Predict how much the purchase probability could increase as a result of sending an advertising SMS
X5 uses text messages to encourage customers to shop more. Sending texts is costly, so we would like to target a specific group of clients, typically those who would see this as a compelling event. In other words, the goal is to target those customers who wouldn’t have made a purchase without this communication. The goal is to develop an algorithm that predicts whether or not we should send a text message to the client.
This is called uplift modeling problem, see this video for more details (video is in Russian, you can use auto subtitles).
In uplift modeling tasks, clients from the test sample are ranked using descending predicted communication efficiency. The top 30% are selected from such a ranked list as the “most promising” sub-sample. This sub-sample is used to estimate the average added conversion. In a sense, we calculate the average increase in response to the impact on a client.
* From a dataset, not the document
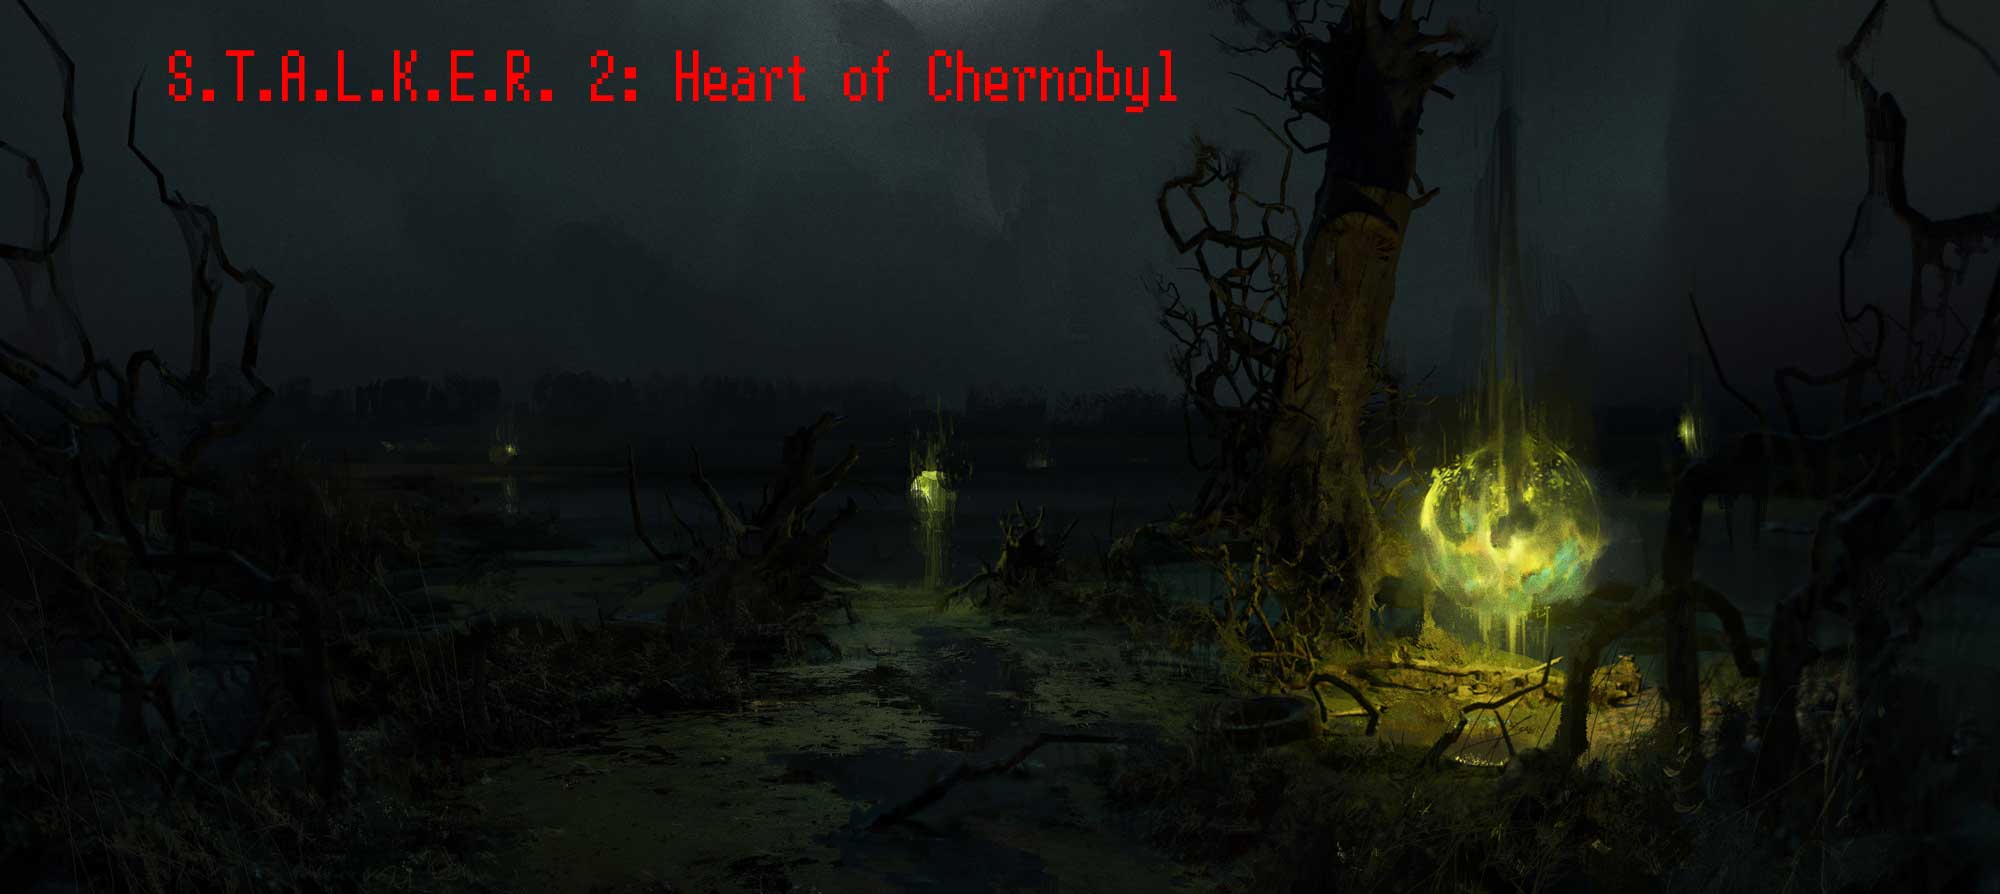 Скачать S.T.A.L.K.E.R. 2: Heart of Chernobyl можно с торрентов уже сейчас
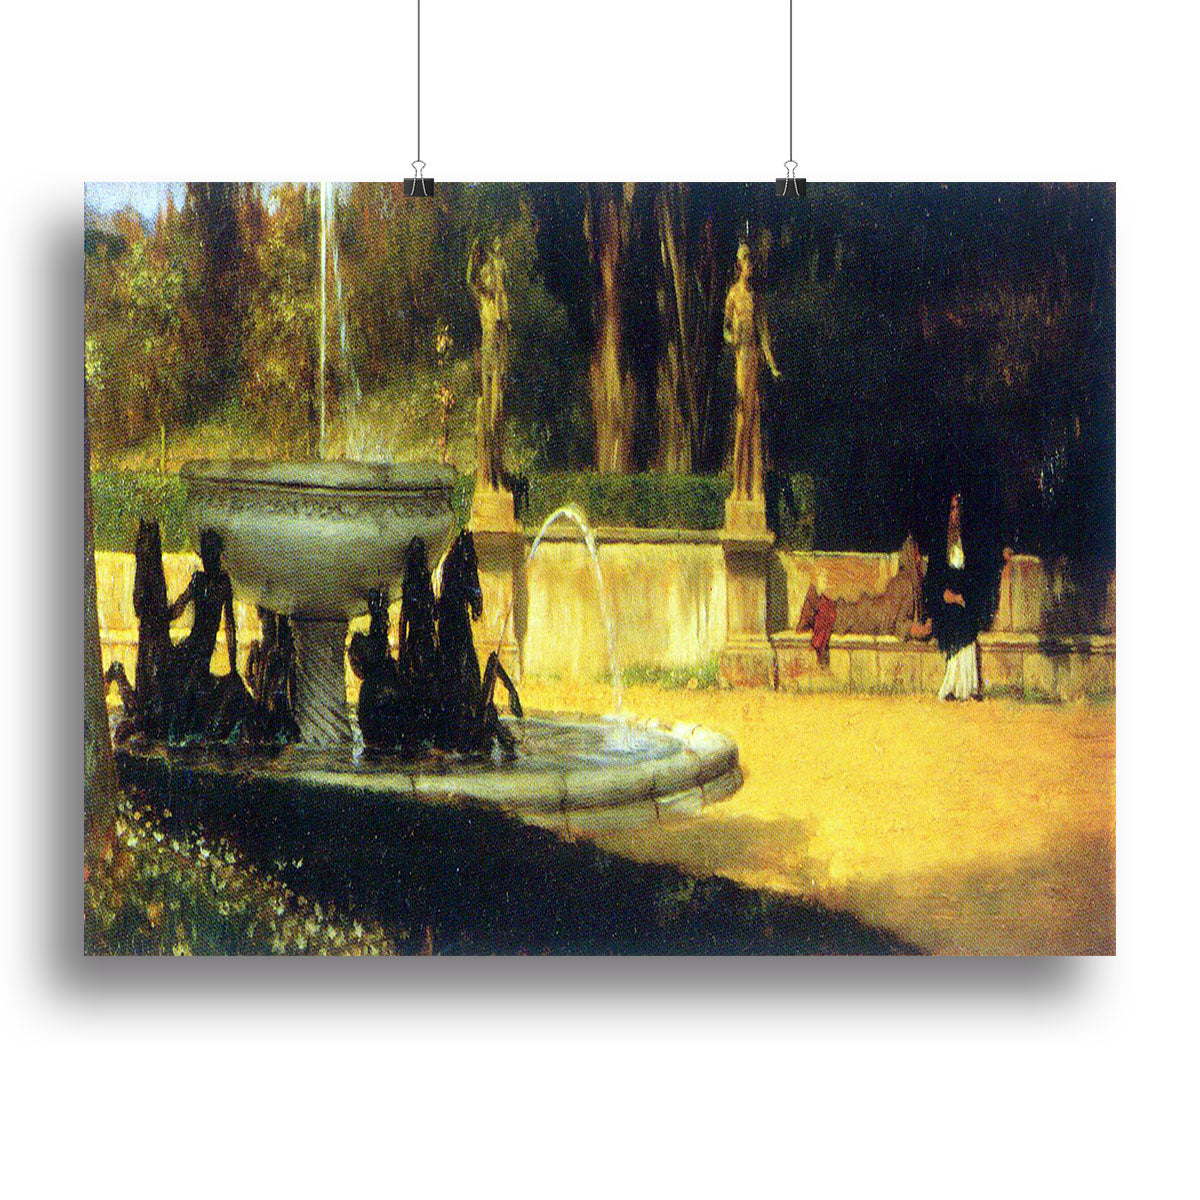 Roman Garden by Alma Tadema Canvas Print or Poster - Canvas Art Rocks - 2

Prize fund is 400’000 RUR. The winning team will receive 150’000 RUR; second place gets 100’000 RUR; third place receives 50’000 RUR; fourth and fifth places both get 25’000 RUR. There is also a nomination for the best open-sourced solution with a prize of 50’000 RUR. Teams of up to 4 people from all over the world are allowed, regardless of actual physical location. You are entitled to participate in different teams in multiple Retail Hero contests.